Après un rapide passage à Chengdu, toute l’équipe de la deuxième étape a pris la route des hauts plateaux vers Aba. Malgré un bus agonisant (et quatre heures de panne), nous avons pu rejoindre le point de départ de la khora du Nympo Yurtse au lac Chumgtso. Nous étions attendus par l’équipe de quatre yachmen qui avait accompagné Louis-Marie lors du repérage de l’itinéraire l’automne dernier. Ces quatre Goloks se sont révélés des compagnons de trek très joyeux et agréables avec qui nous avons partagé des parties de cartes endiablées. Les 12 étapes du trek nous ont permis de boucler le tour du massif en faisant quelques incursions exploratoires au coeur de ces montagnes encore méconnues. Mis à part le point culminant, aucune de ces aiguilles vertigineuses ne porte de nom, ni n’a été gravie (il semble que le sommet du Nympo Yurtse ait été gravi, car j’ai pu voir des cairns jusqu’à environ 4950 m d’altitude sur sa voie normale). Il faut savoir que sur cet itinéraire les sentiers sont presque inexistants ainsi que les ponts ou toutes sortes d’infrastructures facilitant la marche. Nous sommes dans un pays de cavaliers.
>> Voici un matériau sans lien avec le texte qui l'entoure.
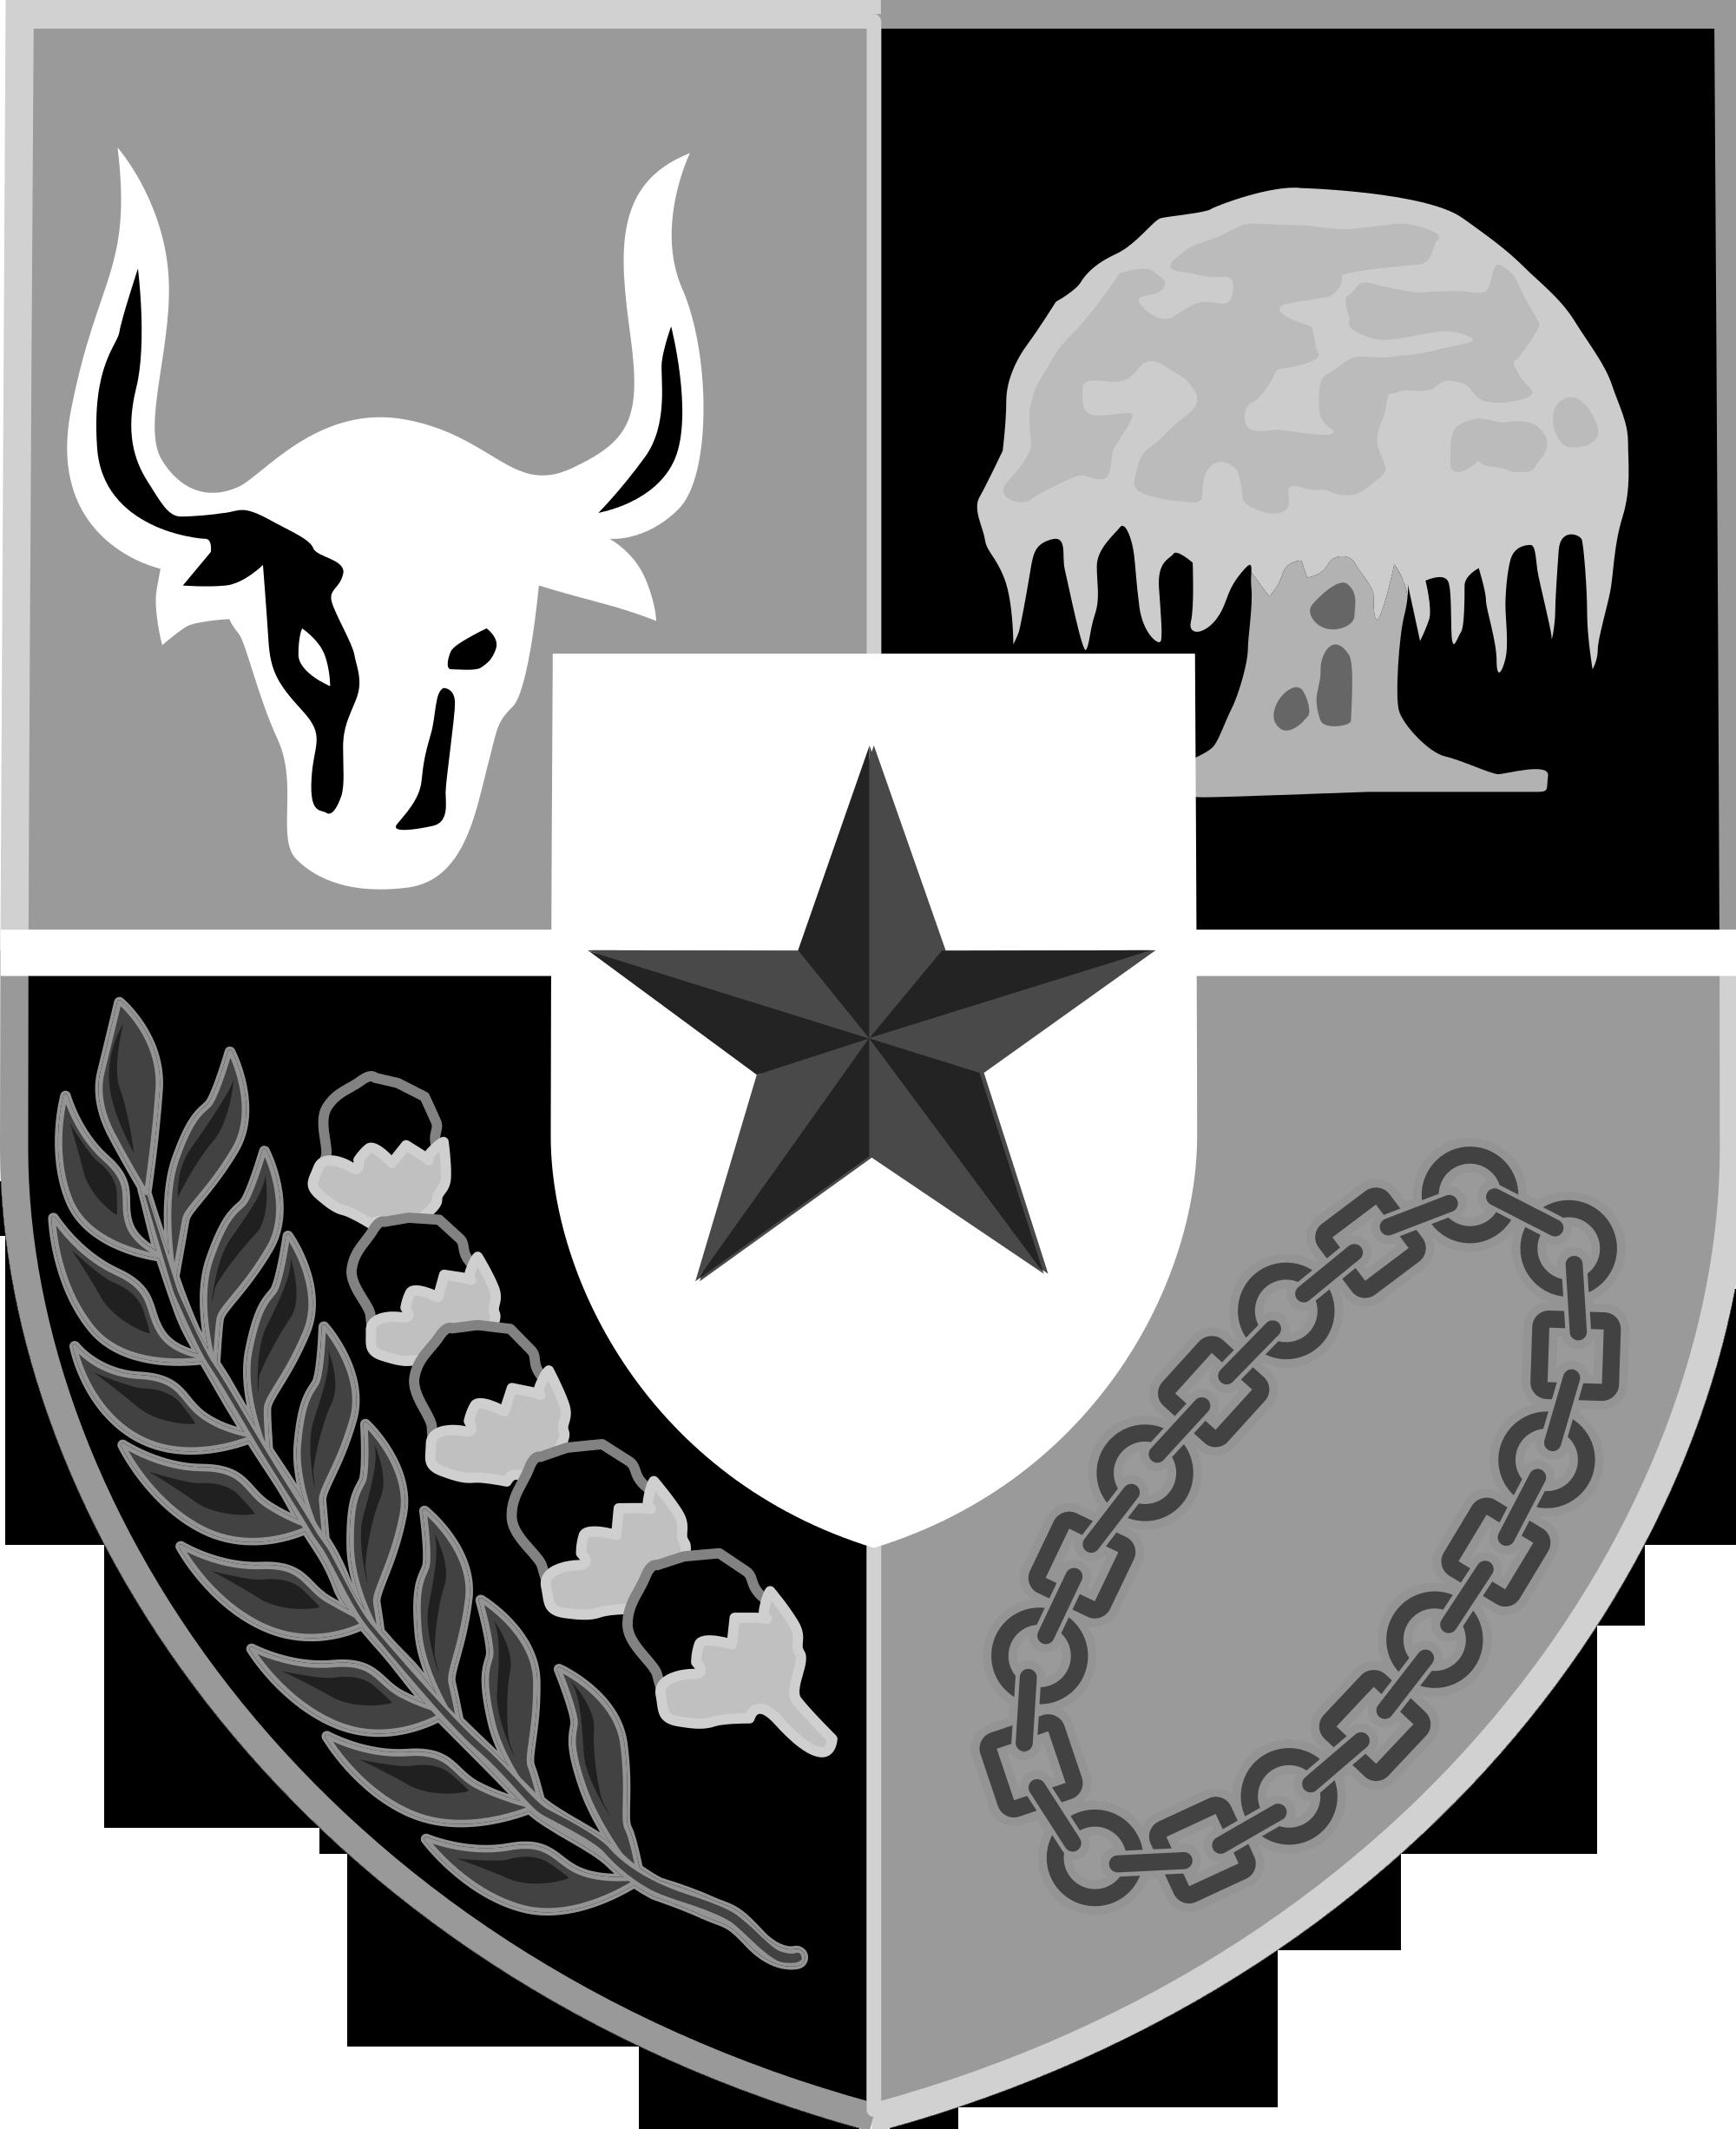 The Five Foundations' Emblem

Tout au long de la khora, nous avons pu régulièrement installer nos campements à proximité de nomades (drokpas) Goloks qui restent dans ces hautes vallées tout l’été avec des centaines de yacks. Nous étions un peu tôt en saison et la présence de ces nomades n’était pas encore à son maximum. Ceux qui pourront venir sur cet itinéraire en été auront encore un meilleur contact avec les chaleureux Goloks. La météo a été à la hauteur de la réputation de ces territoires, mitigée et changeante. Après un début bien humide avec 24 h de pluie non-stop et inondation du camp, nous avons pu confirmer l’adage qui dit qu’au Tibet il peut neiger toute l’année. Dix bons centimètres de neige sur le camp, un passage à gué pour le moins rafraîchissant et une sixième étape aux couleurs hivernales. Nous aurons encore à plusieurs reprises des passages de cols ou des bivouacs dans des ambiances neigeuses. Nous avons eu aussi quelques très belles journées de chaud soleil. Au final, il faut ici souligner le caractère unique de ces itinéraires ainsi que la culture et le charisme de celui qui les a conçus. Personnage tout droit sorti d’un roman d’Hemingway filmé par John Huston (si, si), Louis Marie Blanchard n’a de cesse de transmettre ses immenses connaissances et de faire partager son amour du Tibet. Voyager avec lui est une chance, rare, à vivre (au moins) une fois dans sa vie de trekkeur.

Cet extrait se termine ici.